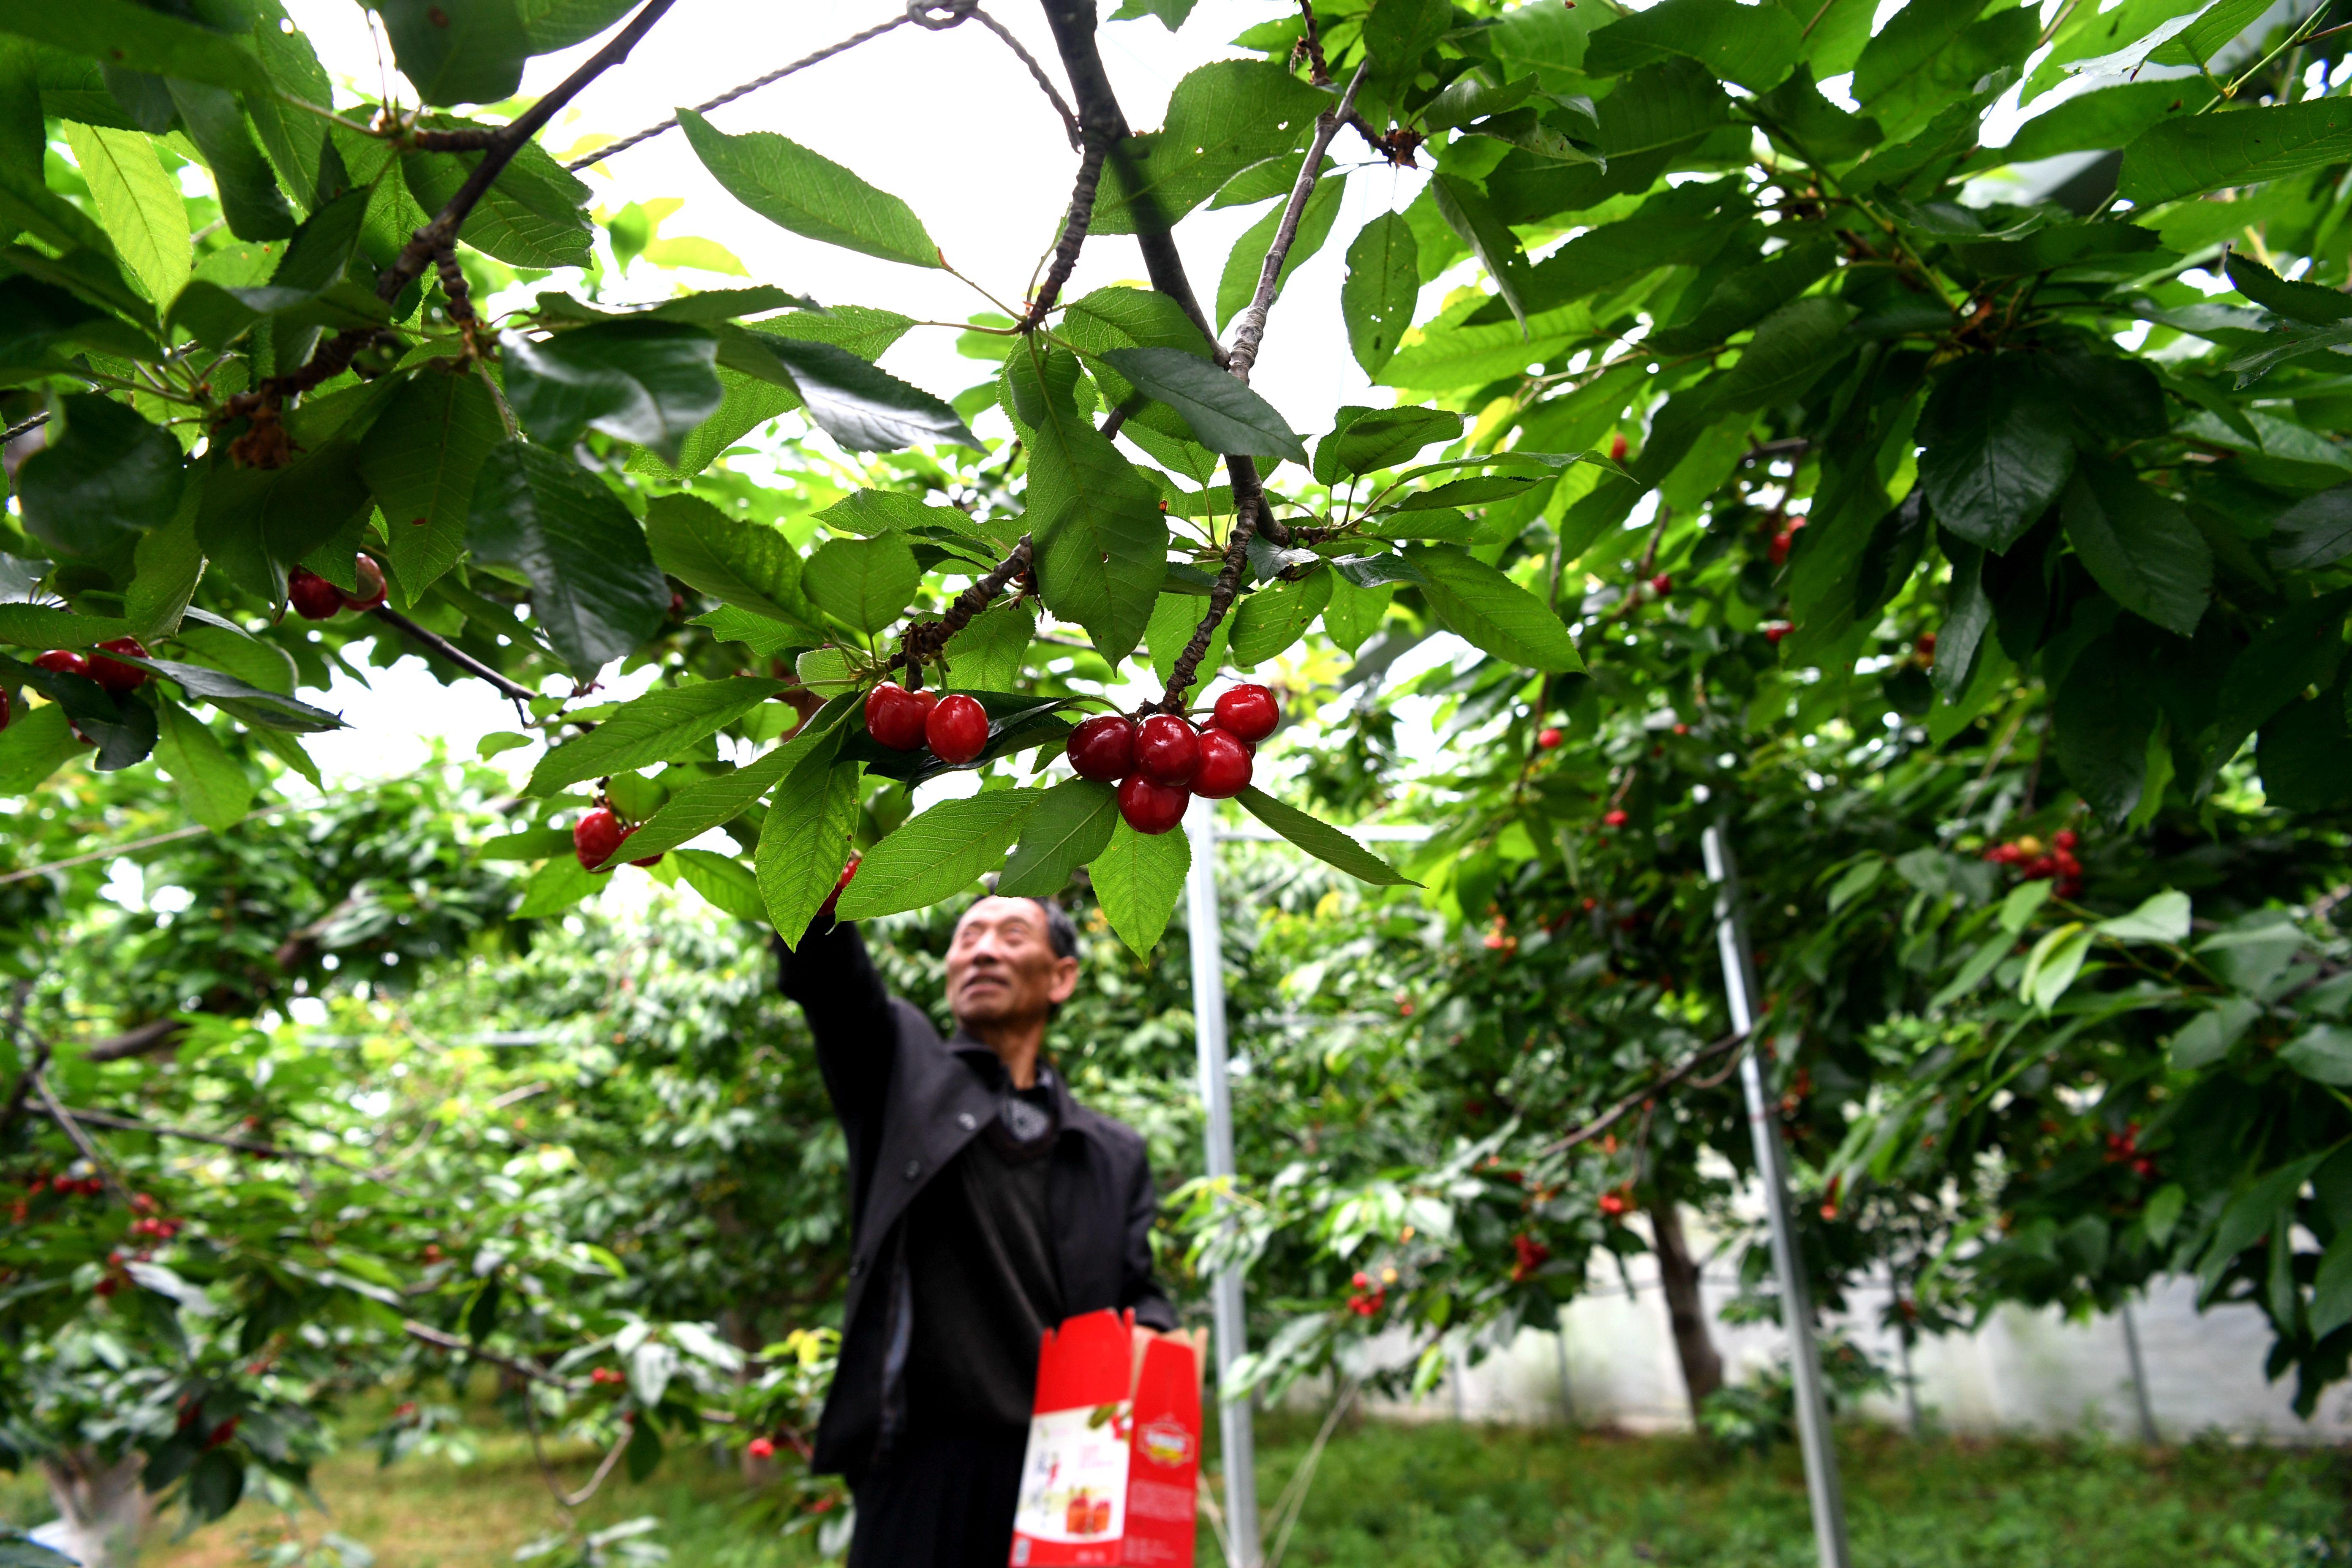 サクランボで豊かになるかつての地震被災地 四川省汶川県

==

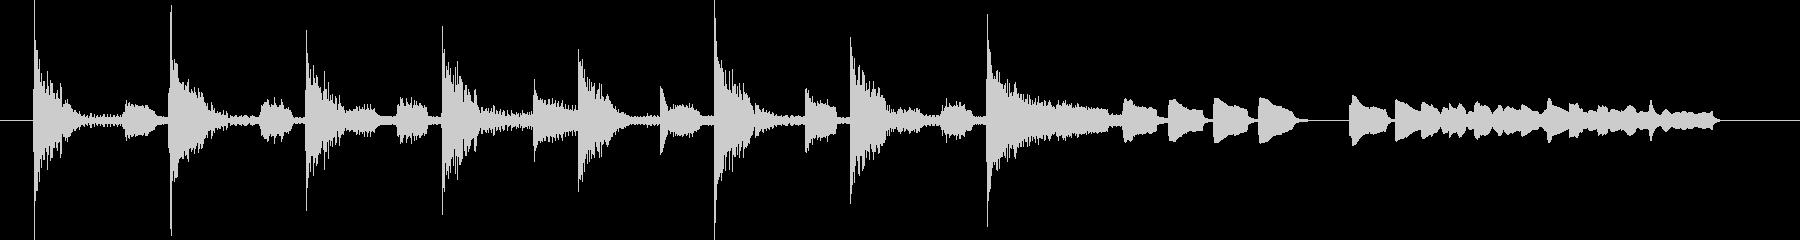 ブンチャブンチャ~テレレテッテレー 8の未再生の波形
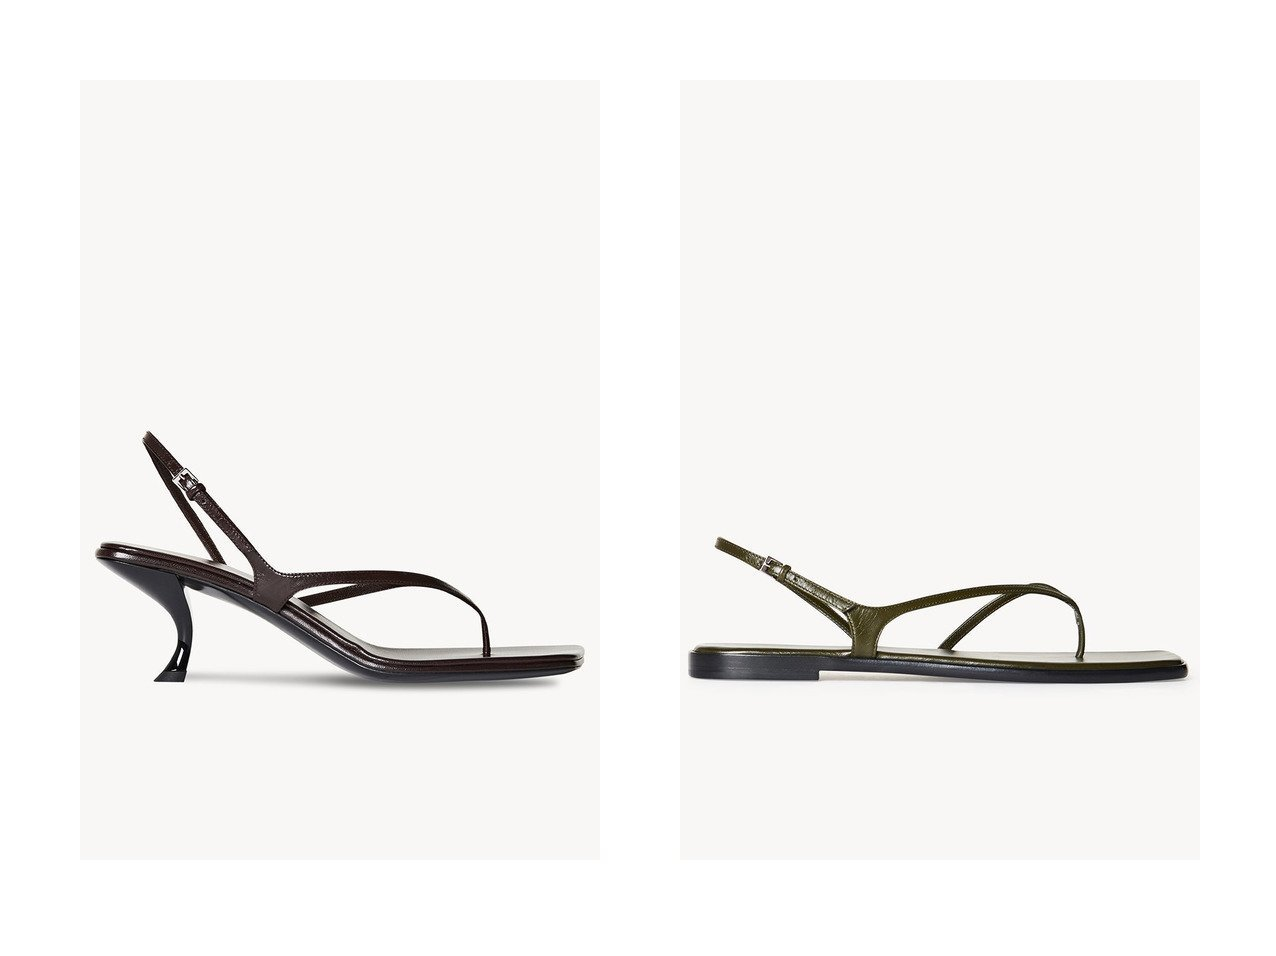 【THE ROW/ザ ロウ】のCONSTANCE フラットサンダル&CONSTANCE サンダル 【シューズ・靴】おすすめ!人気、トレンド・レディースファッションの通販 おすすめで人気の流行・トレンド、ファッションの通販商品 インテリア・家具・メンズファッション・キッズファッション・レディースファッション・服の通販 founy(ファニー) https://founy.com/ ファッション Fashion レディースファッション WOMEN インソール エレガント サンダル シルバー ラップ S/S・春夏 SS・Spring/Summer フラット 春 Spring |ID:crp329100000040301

#### Exercise prompt
Lines from the one above containing "ブンチャブンチャ~テレレテッテレー 8の未再生の波形" down to the one containing "春 Spring |ID:crp329100000040301" should be transcribed exactly, with both ends kept and no pictures.

#### Answer to the problem
 ブンチャブンチャ~テレレテッテレー 8の未再生の波形
 【THE ROW/ザ ロウ】のCONSTANCE フラットサンダル&CONSTANCE サンダル 【シューズ・靴】おすすめ!人気、トレンド・レディースファッションの通販 おすすめで人気の流行・トレンド、ファッションの通販商品 インテリア・家具・メンズファッション・キッズファッション・レディースファッション・服の通販 founy(ファニー) https://founy.com/ ファッション Fashion レディースファッション WOMEN インソール エレガント サンダル シルバー ラップ S/S・春夏 SS・Spring/Summer フラット 春 Spring |ID:crp329100000040301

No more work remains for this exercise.